Neonatal Disorders

Hyperbilirubinemia

Hyperbilirubinemia:  Also known as - Neonatal Jaundice:  This disorder is the result of hemolytic processes in the neonate and brings elevated serum bilirubin levels and mild jaundice (yellowness of the skin).  It can be physiologic (with jaundice the only symptom)  it is very common and tends to more common and more severe in certain ethnic groups whose mean peak of unconjugated bilirubin is approximately twice that of the rest of the population.  It can be pathologic (resulting from an underlying disease).  Physiologic jaundice is self limiting; prognosis for pathologic jaundice varies, depending on the cause.  Untreated, severe hyperbilirubinemia may result in kernicterus, a neurologic syndrome resulting from deposition of unconjugated bilirubin in the brain cells and characterized by severe neural symptoms.  Survivors may develop cerebral palsy, epilepsy, or mental retardation, or may have only minor sequelae, such as perceptual motor handicaps and learning disorders.

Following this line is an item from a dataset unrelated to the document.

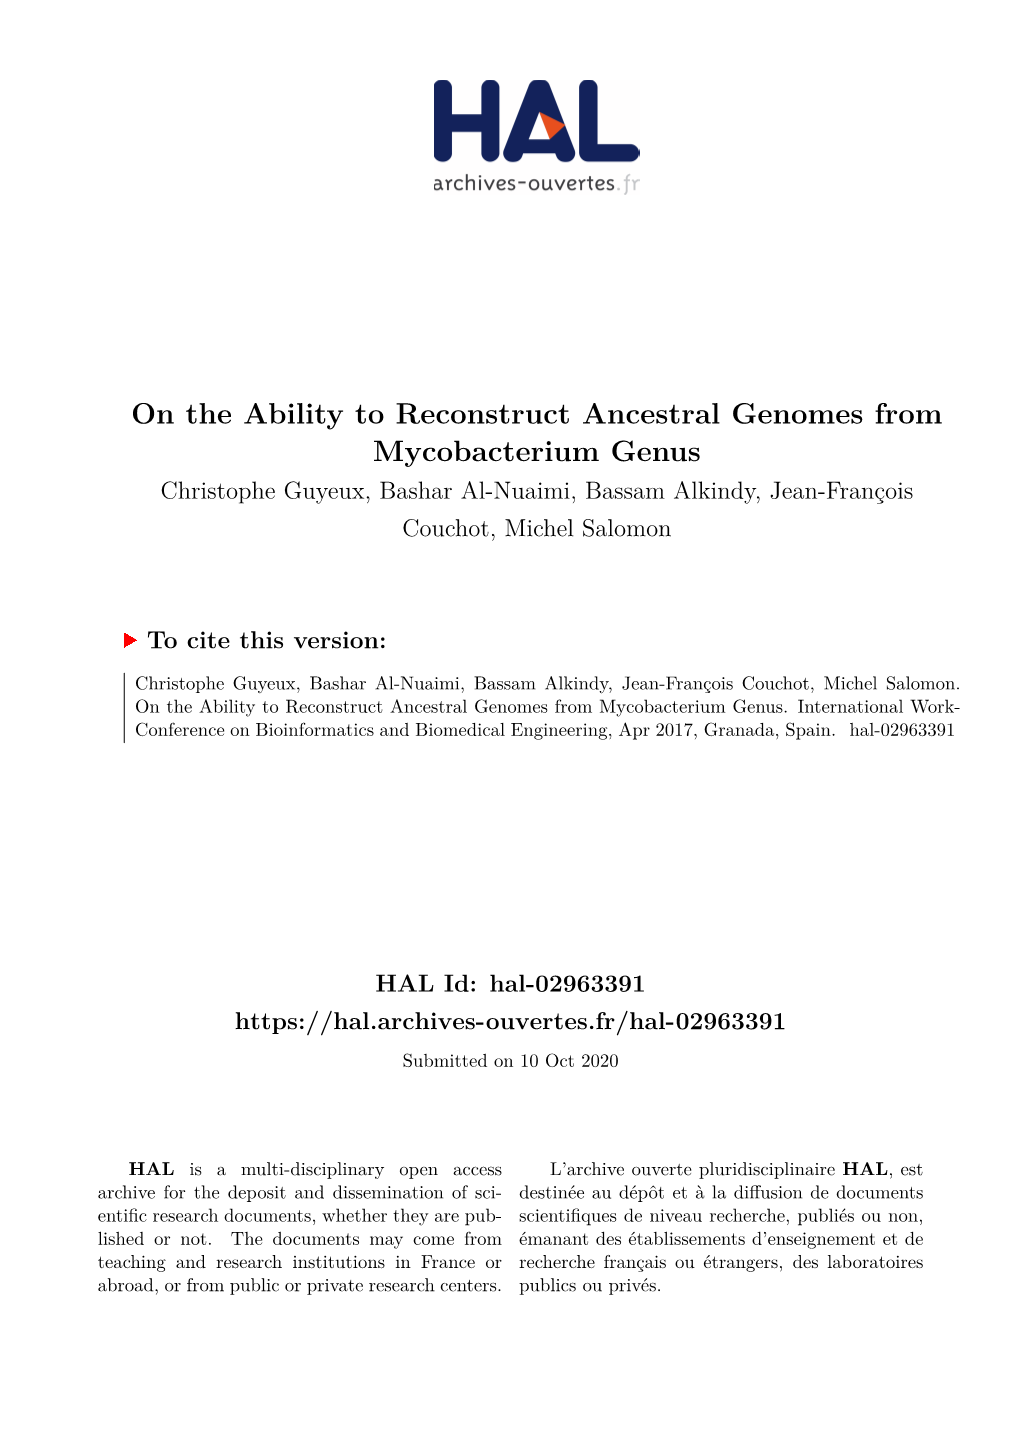 On the Ability to Reconstruct Ancestral Genomes from Mycobacterium Genus Christophe Guyeux, Bashar Al-Nuaimi, Bassam Alkindy, Jean-François Couchot, Michel Salomon
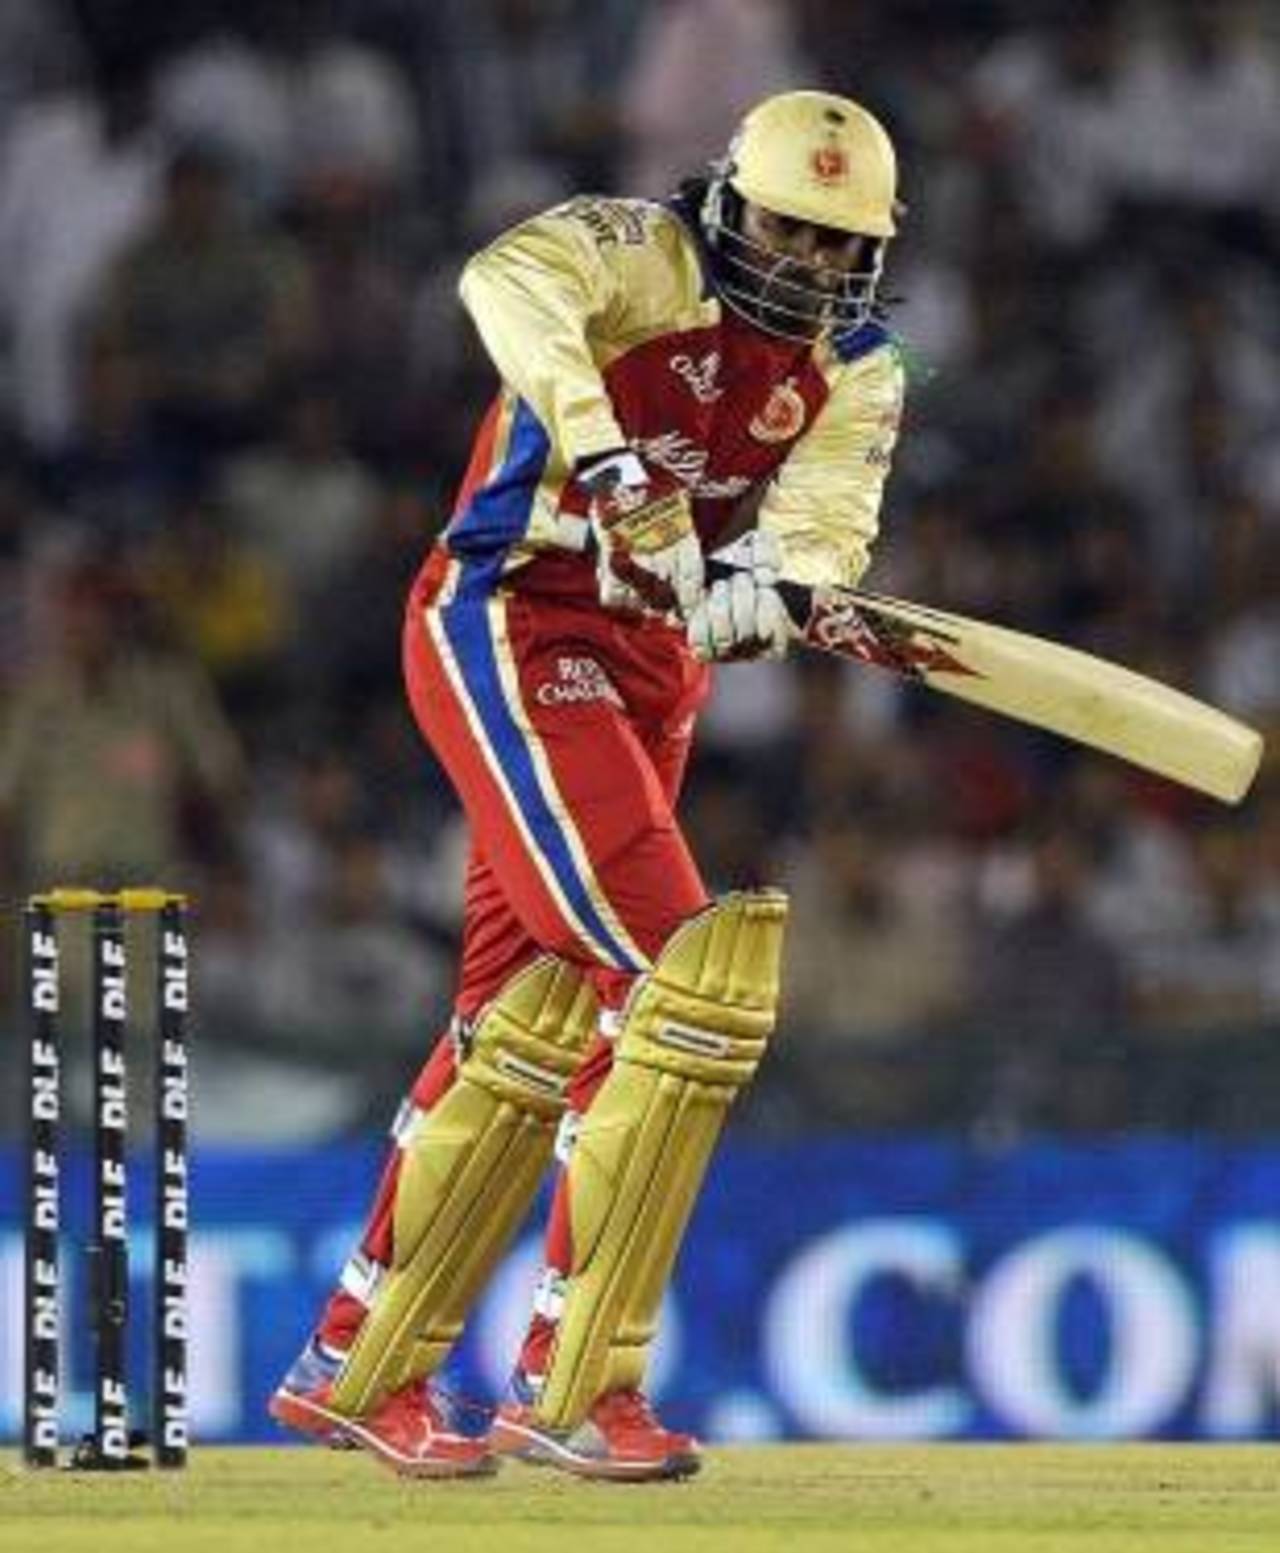 Chris Gayle led Royal Challengers Bangalore's chase, Kings XI Punjab v Royal Challengers Bangalore, IPL 2012, Mohali, April 20, 2012

Causes:  As erythrocytes break down at the end of their neonatal life cycle, hemoglobin separates into globin (protein) and heme (iron) fragments.  heme fragments form unconjugated  (indirect) bilirubin, which binds with albumin for transport to lliver cells to conjugate with glucuronide, forming direct bilirubin. Because unconjugated bilirubin is fat soluble and cannot be excreted in the urine or bile, it may escape to extravascular tissue, especially fatty tissue and the brain, resulting in hyperbilirubinemia.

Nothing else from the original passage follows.